XSLT is a rather complex transformation language. I believe that one could distinguish four levels of difficulty:

  • This tutorial is introductory (level 1)
  • Level 2 XSLT could be defined as using more sophisticated template ordering, conditional expressions, loops, etc.
  • Level 3 is using advanced XPath expressions
  • Level 4 is using XSLT as functional programming language (template calls)

Some of level 2 and 3 is covered in XPath tutorial - basics. Some more in the XSLT to generate SVG tutorial.

Introduction Extensible Stylesheet Language Transformations

XSLT essentials and goals
  • XSLT is a transformation language for XML. That means, using XSLT, you could generate any sort of other document from an XML document. For example, you could take XML data output from a database into some graphics.
  • XSLT is a W3C XML language (the usual XML well-formedness criteria apply)
  • XSLT can translate XML into almost anything , e.g.:
    • wellformed HTML (closed tags)
    • any XML, e.g. yours or other XML languages like SVG, X3D
    • non XML, e.g. RTF (this is a bit more complicated)

The picture below shows some use cases. In principle, the input data to be transformed is always XML. With XSLT we then can produce some "enriched" or otherwise transformed XML or directly some other format that is used to render the contents. Xslt-basics-2.png

Keep in mind that XSLT doesn't understand HTML or any other sort of "contents" ! Frequently, beginners assume that XSLT knows about HTML, in particular that it can deal with links and pictures. All XSLT can do, is translating XML elements into something else. Part of this confusion may stem from the fact that XSLT programs are called "stylesheets". There is no styling in XSLT, period.

XSL-FO, on the other hand, was the initial target of the XSL project. It never was implemented in web browsers and this is the reason why we translate XML contents to HTML + CSS for web display. XSL-FO, however, is a very good solution for creating print documents from XML. This only can be done with server-side scripts or programs that you can install on your PC.

History and specifications

Specification
History

Initially, back in the nineties, XLS (XSL: eXtensible Stylesheet Language) was a project to replace CSS for both display and print media and to provide support for complex formatting and layout features (pagination, indexing, cross-referencing, recursive numbering, indexing, etc.
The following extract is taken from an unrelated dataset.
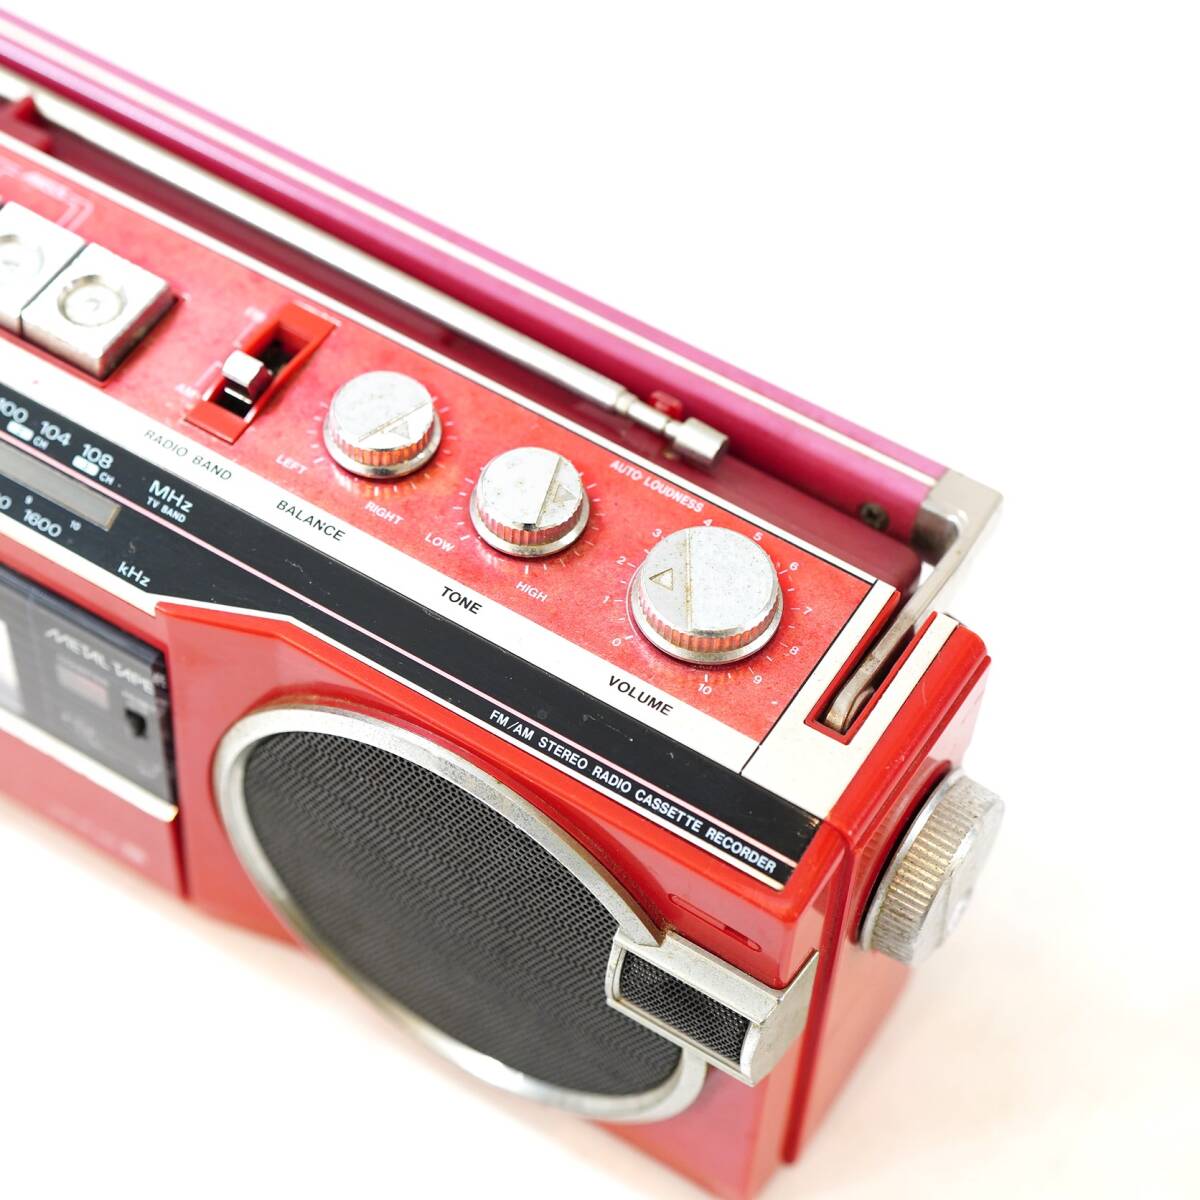 NA4852 ラジオ受信〇 テープ再生× 簡易クリーニング済 SANYO サンヨー 小型ラジカセ 赤 レッド MR-U4SF 昭和レトロ レトロ 検S_画像4

XSLT ( Extensible Stylesheet Language Transformations ) was originally intended as a small part of a larger specification for XSL. However, after the XSL specification draft became very large and complex, it was decided to split the project into two parts: XSLT for transformations (that were urgently needed) and XSL (also called XSL-FO) for the formatting (W3C recommendation of 2001)

Related languages

A first glance at XSLT

Simple use of XSLT means creating program in a file (wrongly called a stylesheet). This file is associated with an XML file in a conceptually similar way as CSS with an HTML file. Since your web browser includes an XSLT processor, the browser will not display the XML (you can still look at the source), but it will execute the XSLT and display the result of the translation, e.g. HTML5.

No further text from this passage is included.